Wednesday, April 11, 2007

Rejection, Life and Art

Rejection. Every artist understands (or at least should understand) rejection is part of the territory that comes with the business of art. Recently I received a rejection e-mail for a contemporary unconventional portrait exhibition I had entered. The painting I submitted “A Fool’s Still Life” is perhaps my best realist work I have yet created. Not simply my opinion, this painting has won numerous awards including the Grumbacher Gold Metal at the 27th Annual South Central Art Competition in Nashville. You might call that validation. Regardless, the entry process required a statement. So I finally put into words what I have felt about this painting for some time. Hope you don’t mind me sharing.

“A Fool’s Still Life”
A self portrait by Christopher Boehm

The approach to most all of my work is simple; each painting is treated as a project, a single area of exploration and discovery. “A Fool’s Still Life,” began no differently. Objects of interest selected for their shape color texture and representation either metaphorically, symbolically or literally and arranged juxtaposed entirely for the viewer’s enjoyment. This painting began purely as an exercise in an attempt to conquer still life realism as an artist.

The beauty of realism for the artist is that careful deliberate examination of chosen subjects is required. You learn all the subtle aspects normally passed over through casual observation. On this particular work, hours were spent intimately getting to know all objects assembled. And during this time of craft a realization occurred to me. Each object chosen for some reason above and beyond had a deep personal meaning and connection to me, the artist. Mostly gifts, mementos or discarded items from close family members, nearly all offered without much ceremony or thought. These items meant more to me because of the personal connection from who, where, when, and how they were collected.

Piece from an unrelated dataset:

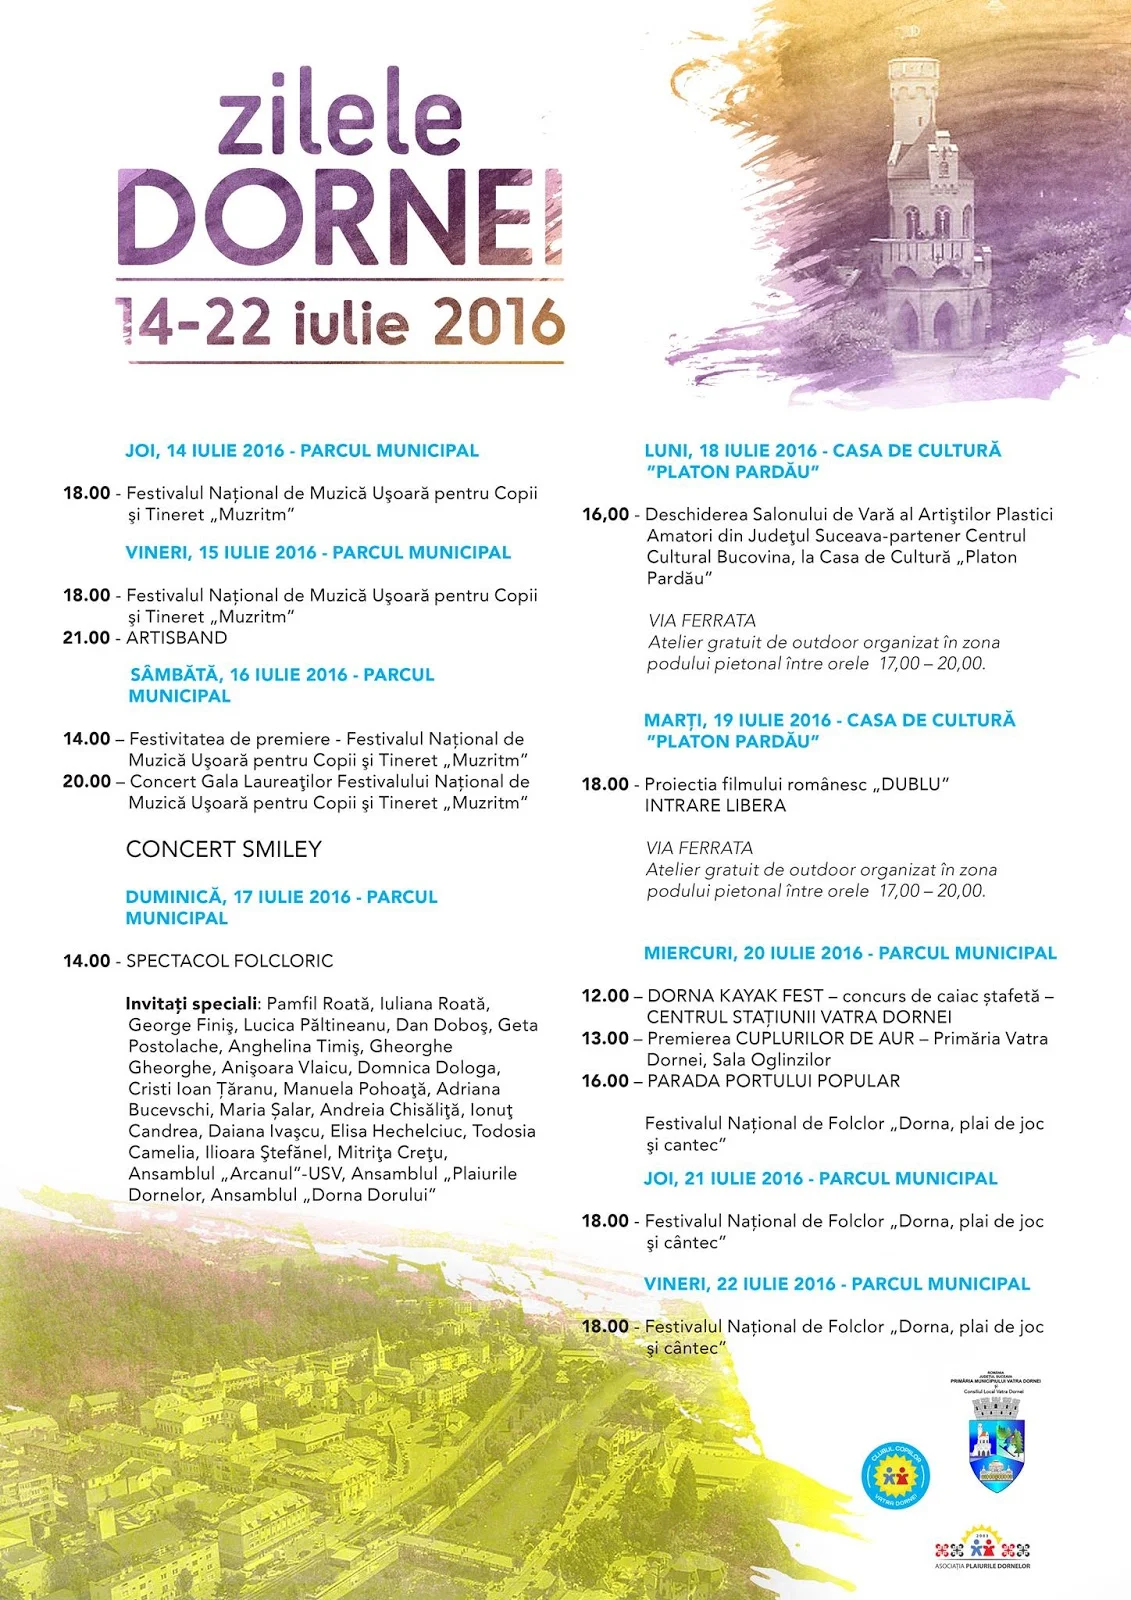 Zilele Dornei, 14-22 iulie 2016. Programul evenimentelor
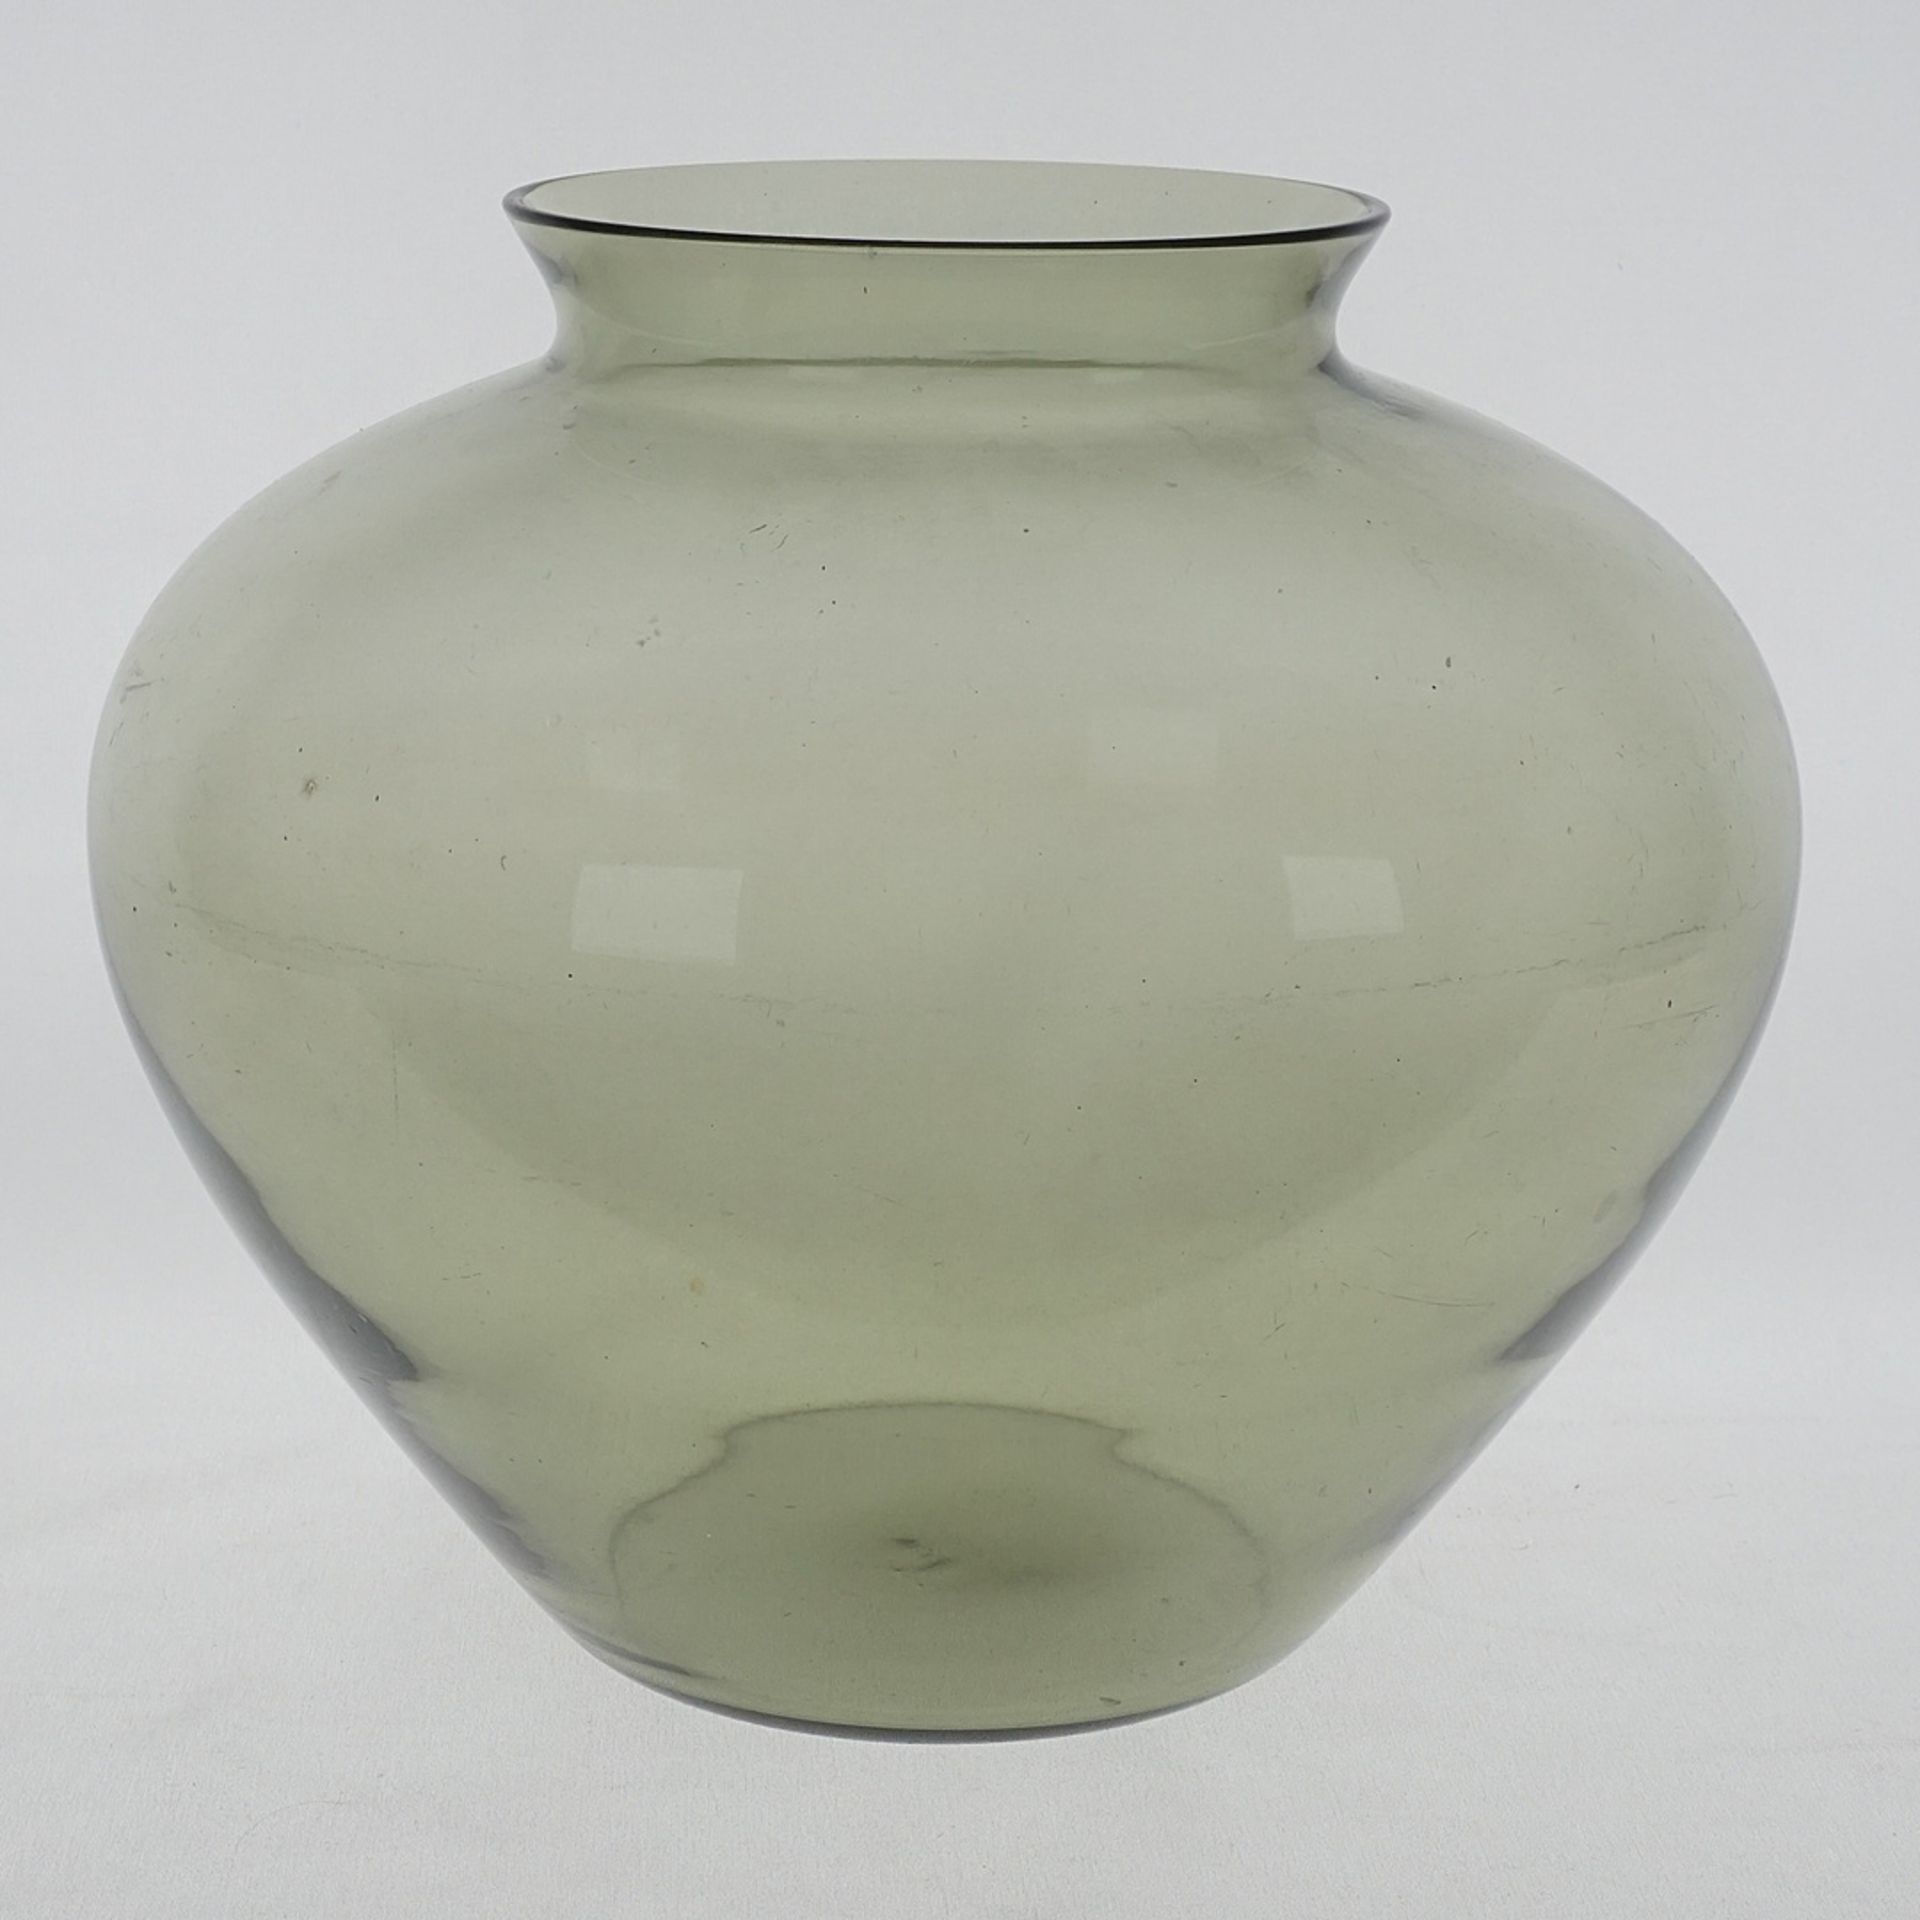 Wilhelm Wagenfeld (1900-1990), WMF vase, 1950

The Clown (Fool) however, was acquired on one of my many antique/thrift store hunts. The significance of this item was the timing of the acquisition coincided within days of the birth of my son, seemed almost magical. This collection of items was more than a simple still life painting, in many ways it represented my life.

So what is a portrait, a mere representation of the individual? Well this painting then in many ways represents who I am. A good portion of my being is a collection of memories associated with friends and family through a journey of time together. Reading like a diary, items rendered here are closely tied to those memories. One more thing, I’m an artist and this is one of my paintings, it is what I do and who I am.

Christopher Boehm

Rejection is also part of life and I have had another more painful dose of that lately too. Like I said, with art rejection comes as part of the territory. It makes us better. You create, put your work out there and wait for the world to respond. The efforts of which may not yield the sought after results, but in most cases ultimately have positive affects on the artist. The self portrait example outlined above forced me to put my thoughts to words. I may never have done so without the attempt. So I guess with love sometimes comes rejection too, but does this type of rejection also make us better? I certainly would like to think so.